This is a little note about showing and hiding a element(s)/control(s) from a client side event (without page refresh) using the ibm JavaServer Faces components.

The IBM documentation for the hx:behavior tag is here. But it doesn’t contain examples of how to use it and the describtion of the hx:behavior attributes is unclear in places.

behaviorAction is what you want to do (hide, show, invisible, visible etc)
targetAction requires the ID of the object you want to do the behaviorAction on.

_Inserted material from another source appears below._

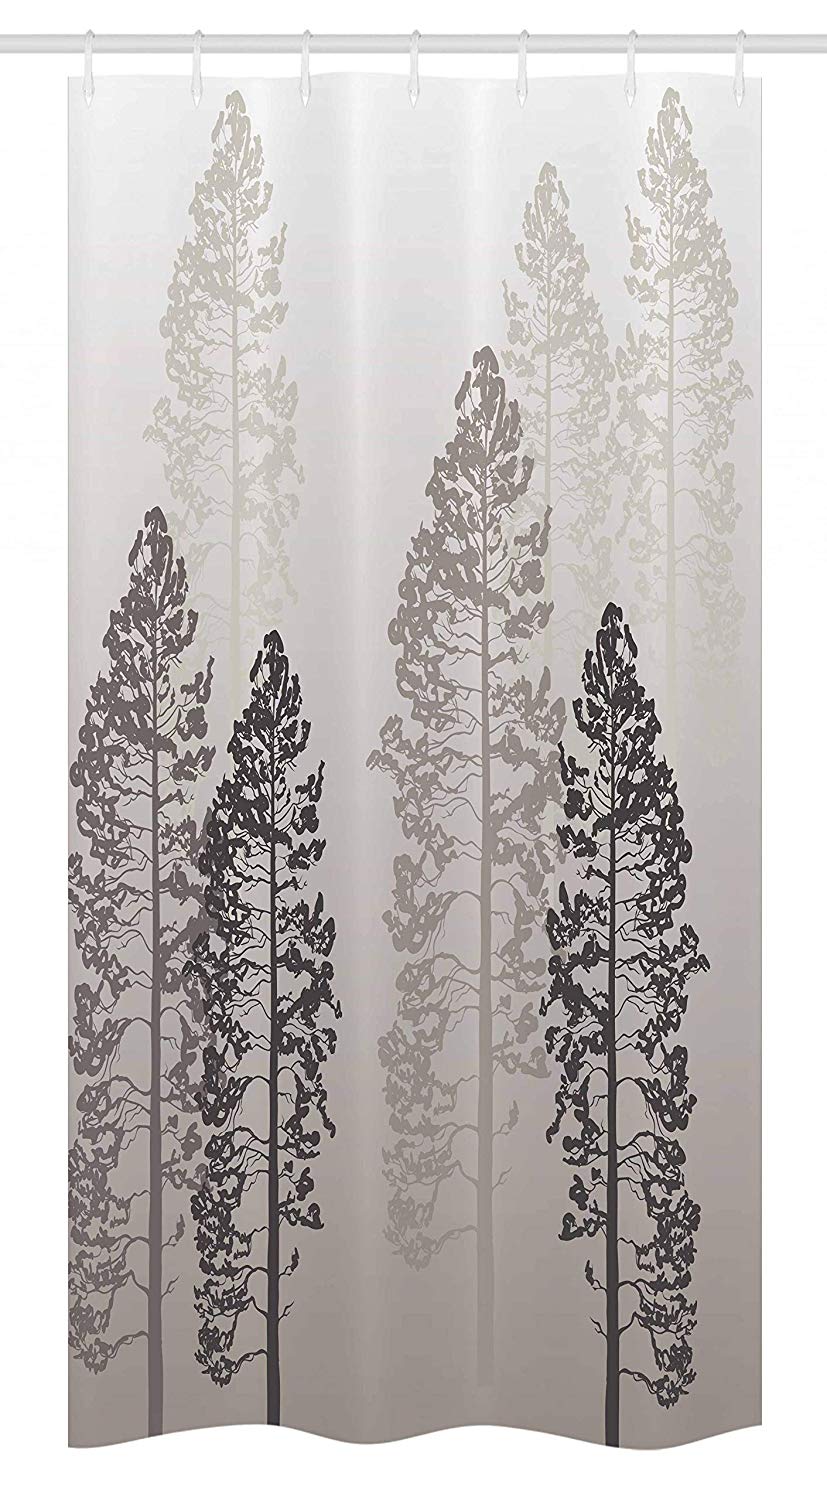 Ambesonne Country Stall Shower Curtain, Pine Trees in The Forest on Foggy Seem Ombre Backdrop Wildlife Adventure Artwork, Fabric Bathroom Decor Set with Hooks, 36

<h:outputText style=“visibility:hidden;” id=“text7″ value=“Initially i’m hidden, “></h:outputText>
<h:outputText style=“visibility:hidden;” id=“text17″ value=“As am I! “></h:outputText>

<h:outputText styleClass=“outputText” id=“text6aa” value=“view hidden text,”>
<hx:behavior id=“behavior4″ event=“onclick” behaviorAction=“visible;visible” targetAction=“text7;text17″> </hx:behavior>

</h:outputText>

Also found that when you specify more than one targetAction you must also specify a behaviorAction for each (which is good if you want to do different behaviorActions to each target.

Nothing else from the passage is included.